--- What you should do ---
The response should consist solely of the lines running from the line with "Rhd-miniature comatha" to the end of the data, retyped exactly.

[Dataset records]
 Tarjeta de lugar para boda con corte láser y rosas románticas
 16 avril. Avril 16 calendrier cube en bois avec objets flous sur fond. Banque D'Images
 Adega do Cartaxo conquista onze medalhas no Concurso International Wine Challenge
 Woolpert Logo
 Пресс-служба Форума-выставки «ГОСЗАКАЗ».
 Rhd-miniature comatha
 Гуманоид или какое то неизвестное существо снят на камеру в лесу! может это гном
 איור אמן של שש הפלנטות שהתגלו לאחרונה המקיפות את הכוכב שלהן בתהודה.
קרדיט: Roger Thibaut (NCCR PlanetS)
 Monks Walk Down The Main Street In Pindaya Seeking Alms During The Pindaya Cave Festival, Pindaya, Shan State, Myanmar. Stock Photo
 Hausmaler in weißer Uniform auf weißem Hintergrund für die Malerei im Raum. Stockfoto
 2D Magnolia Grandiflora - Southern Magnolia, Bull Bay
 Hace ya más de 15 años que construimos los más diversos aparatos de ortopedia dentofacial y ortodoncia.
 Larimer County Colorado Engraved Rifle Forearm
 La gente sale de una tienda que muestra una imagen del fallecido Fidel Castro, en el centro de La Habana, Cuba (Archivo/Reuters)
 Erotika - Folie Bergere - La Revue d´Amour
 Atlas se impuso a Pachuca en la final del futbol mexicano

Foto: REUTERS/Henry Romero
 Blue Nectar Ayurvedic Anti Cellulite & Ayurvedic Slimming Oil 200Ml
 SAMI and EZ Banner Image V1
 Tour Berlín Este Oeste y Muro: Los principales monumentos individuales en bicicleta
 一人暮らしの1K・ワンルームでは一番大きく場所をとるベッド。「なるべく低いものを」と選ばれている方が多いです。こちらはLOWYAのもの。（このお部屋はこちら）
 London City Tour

--- Exercise result ---
 Rhd-miniature comatha
 Гуманоид или какое то неизвестное существо снят на камеру в лесу! может это гном
 איור אמן של שש הפלנטות שהתגלו לאחרונה המקיפות את הכוכב שלהן בתהודה.
קרדיט: Roger Thibaut (NCCR PlanetS)
 Monks Walk Down The Main Street In Pindaya Seeking Alms During The Pindaya Cave Festival, Pindaya, Shan State, Myanmar. Stock Photo
 Hausmaler in weißer Uniform auf weißem Hintergrund für die Malerei im Raum. Stockfoto
 2D Magnolia Grandiflora - Southern Magnolia, Bull Bay
 Hace ya más de 15 años que construimos los más diversos aparatos de ortopedia dentofacial y ortodoncia.
 Larimer County Colorado Engraved Rifle Forearm
 La gente sale de una tienda que muestra una imagen del fallecido Fidel Castro, en el centro de La Habana, Cuba (Archivo/Reuters)
 Erotika - Folie Bergere - La Revue d´Amour
 Atlas se impuso a Pachuca en la final del futbol mexicano

Foto: REUTERS/Henry Romero
 Blue Nectar Ayurvedic Anti Cellulite & Ayurvedic Slimming Oil 200Ml
 SAMI and EZ Banner Image V1
 Tour Berlín Este Oeste y Muro: Los principales monumentos individuales en bicicleta
 一人暮らしの1K・ワンルームでは一番大きく場所をとるベッド。「なるべく低いものを」と選ばれている方が多いです。こちらはLOWYAのもの。（このお部屋はこちら）
 London City Tour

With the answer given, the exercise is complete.